■ **Work instruction**
Every line from the one containing "Armband800er Silber, Indonesien, 20.Jh." to the end of the records below should be returned exactly; pictures are to be dropped.

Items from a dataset

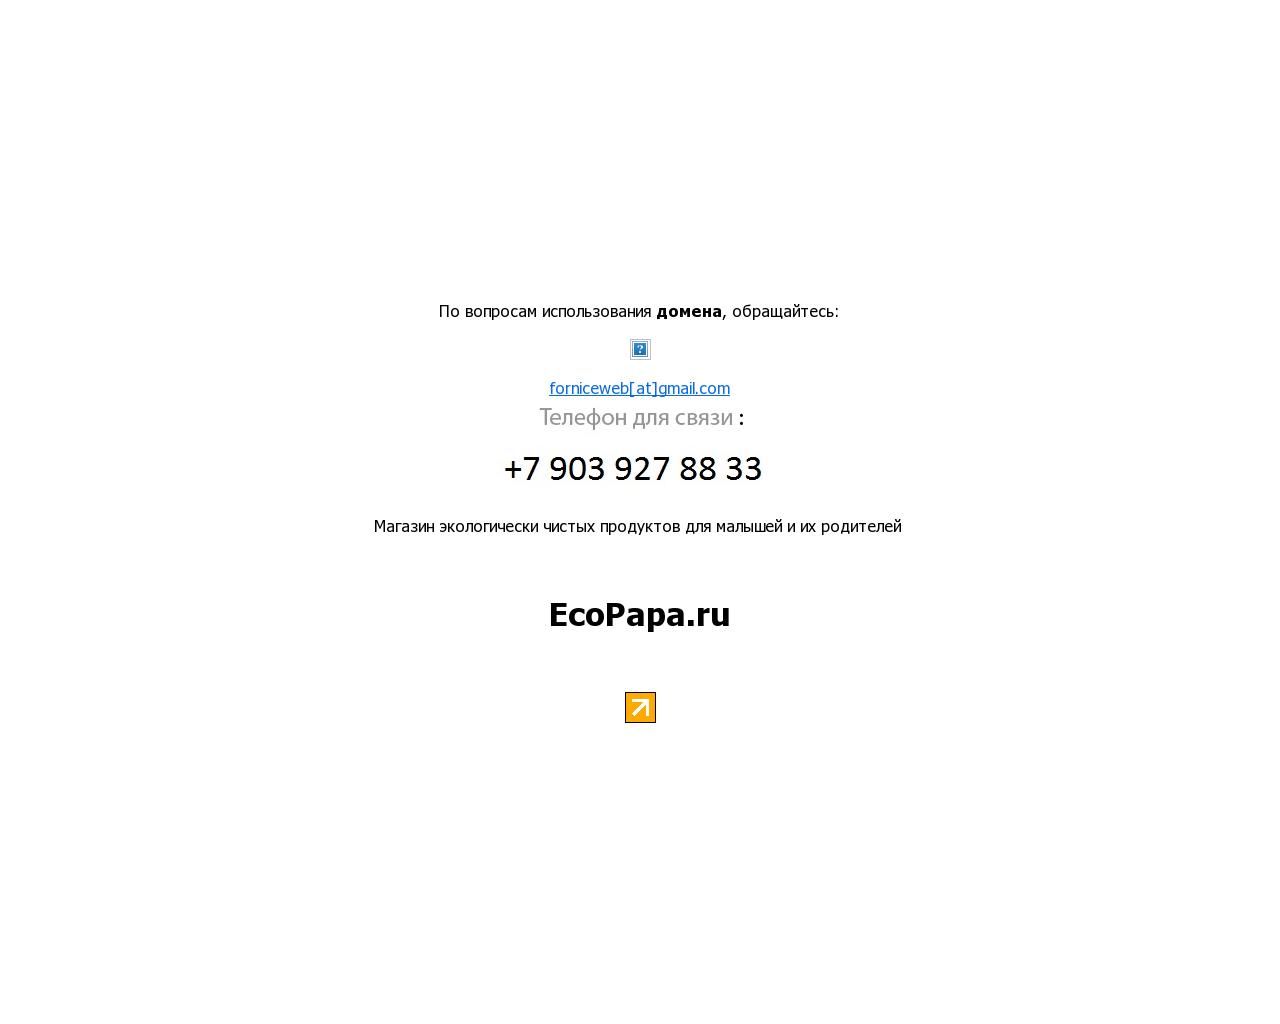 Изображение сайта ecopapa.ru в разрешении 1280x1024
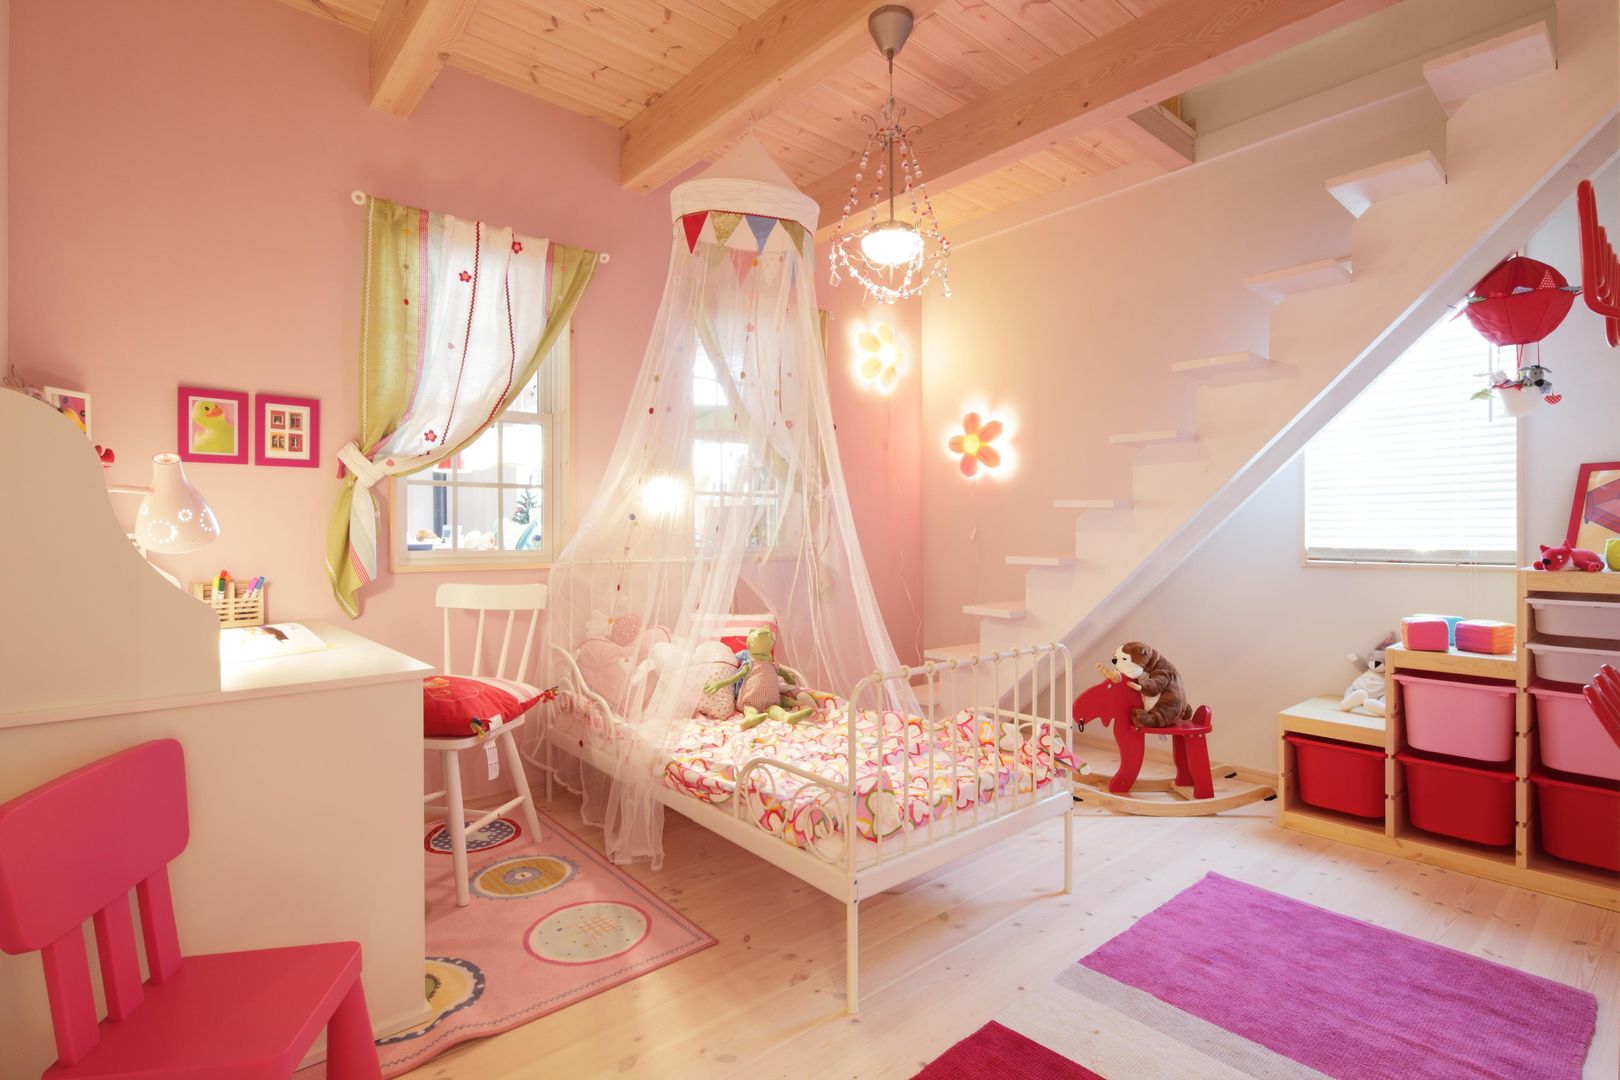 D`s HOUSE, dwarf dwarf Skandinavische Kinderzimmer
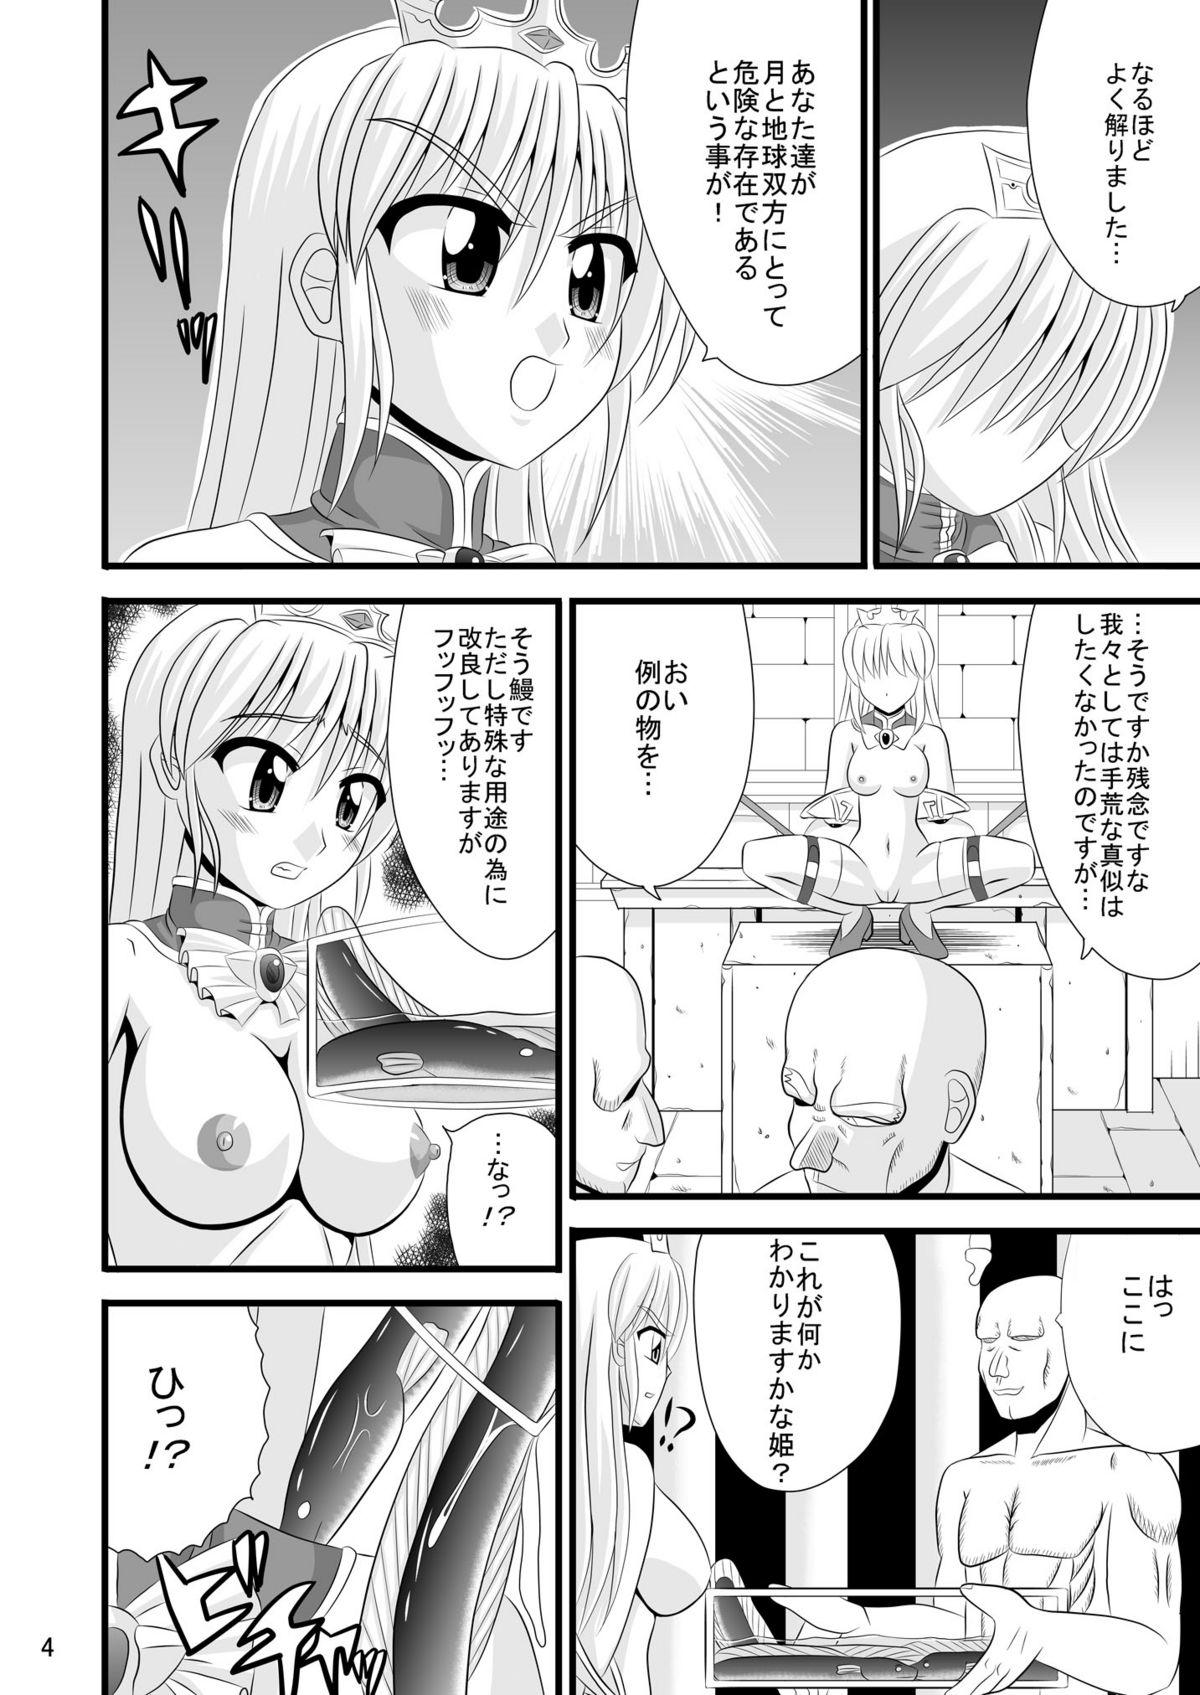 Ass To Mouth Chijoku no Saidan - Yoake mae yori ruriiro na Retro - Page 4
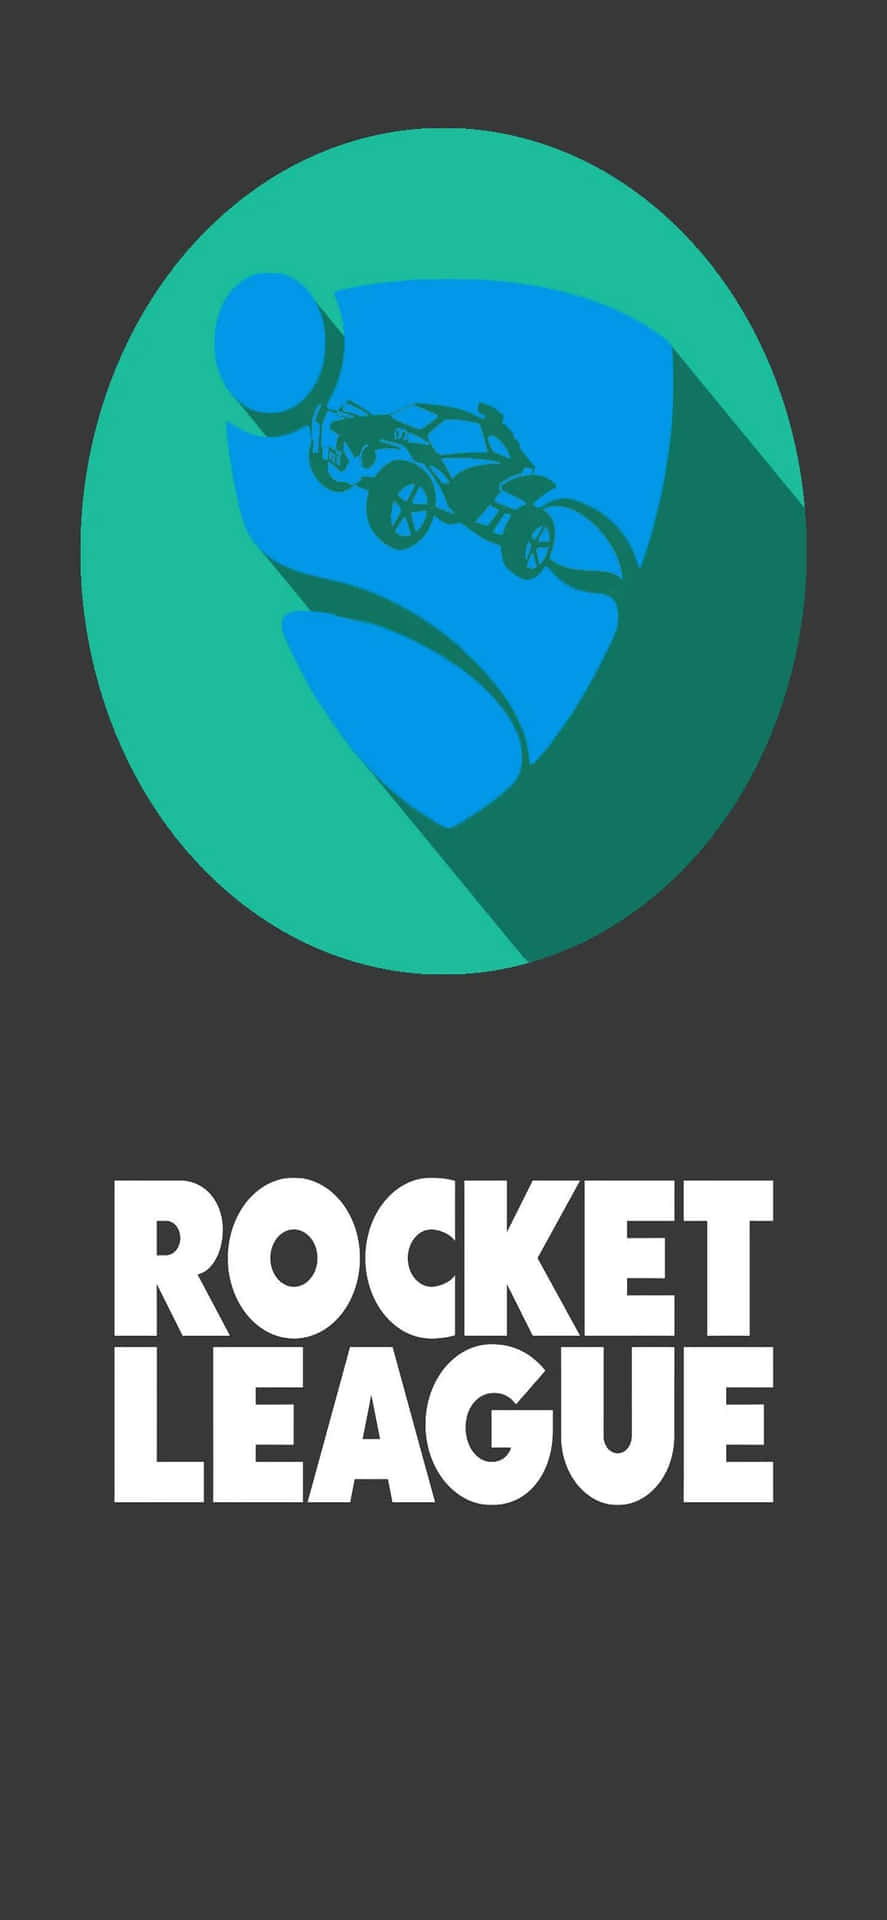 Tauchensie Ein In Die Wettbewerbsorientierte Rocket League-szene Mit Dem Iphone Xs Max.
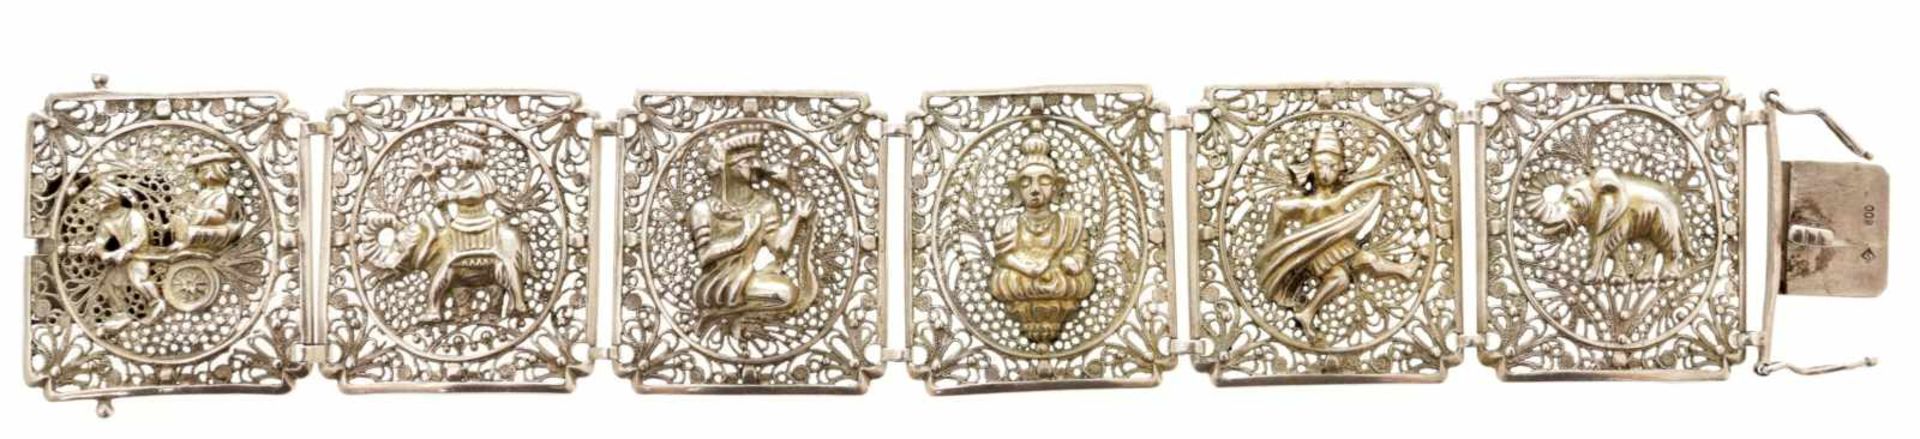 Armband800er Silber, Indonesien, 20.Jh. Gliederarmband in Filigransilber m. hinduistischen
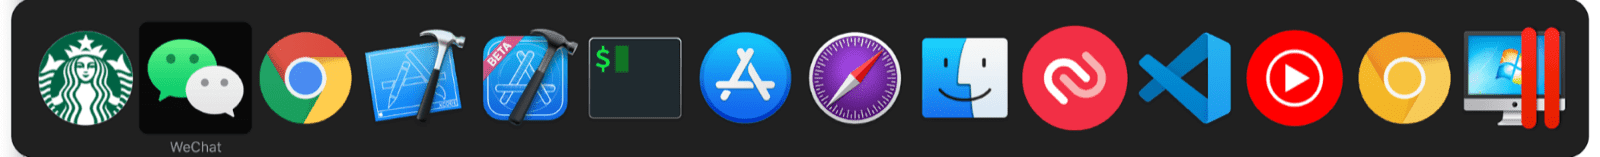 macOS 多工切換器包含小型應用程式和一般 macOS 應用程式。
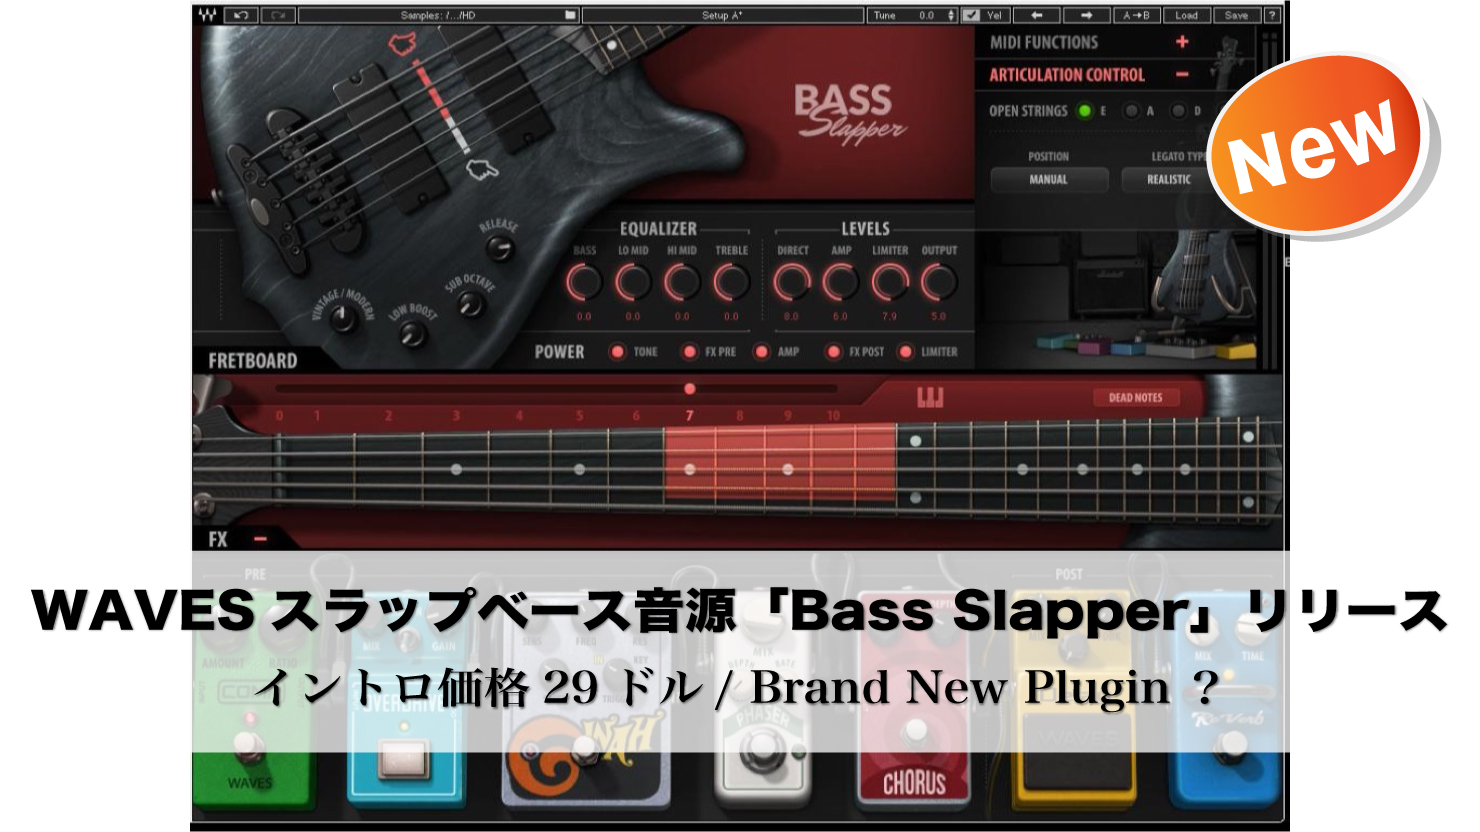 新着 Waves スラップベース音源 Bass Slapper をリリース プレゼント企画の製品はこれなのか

■ **Output for this task**
 Armband800er Silber, Indonesien, 20.Jh. Gliederarmband in Filigransilber m. hinduistischen
 macOS 多工切換器包含小型應用程式和一般 macOS 應用程式。
 新着 Waves スラップベース音源 Bass Slapper をリリース プレゼント企画の製品はこれなのか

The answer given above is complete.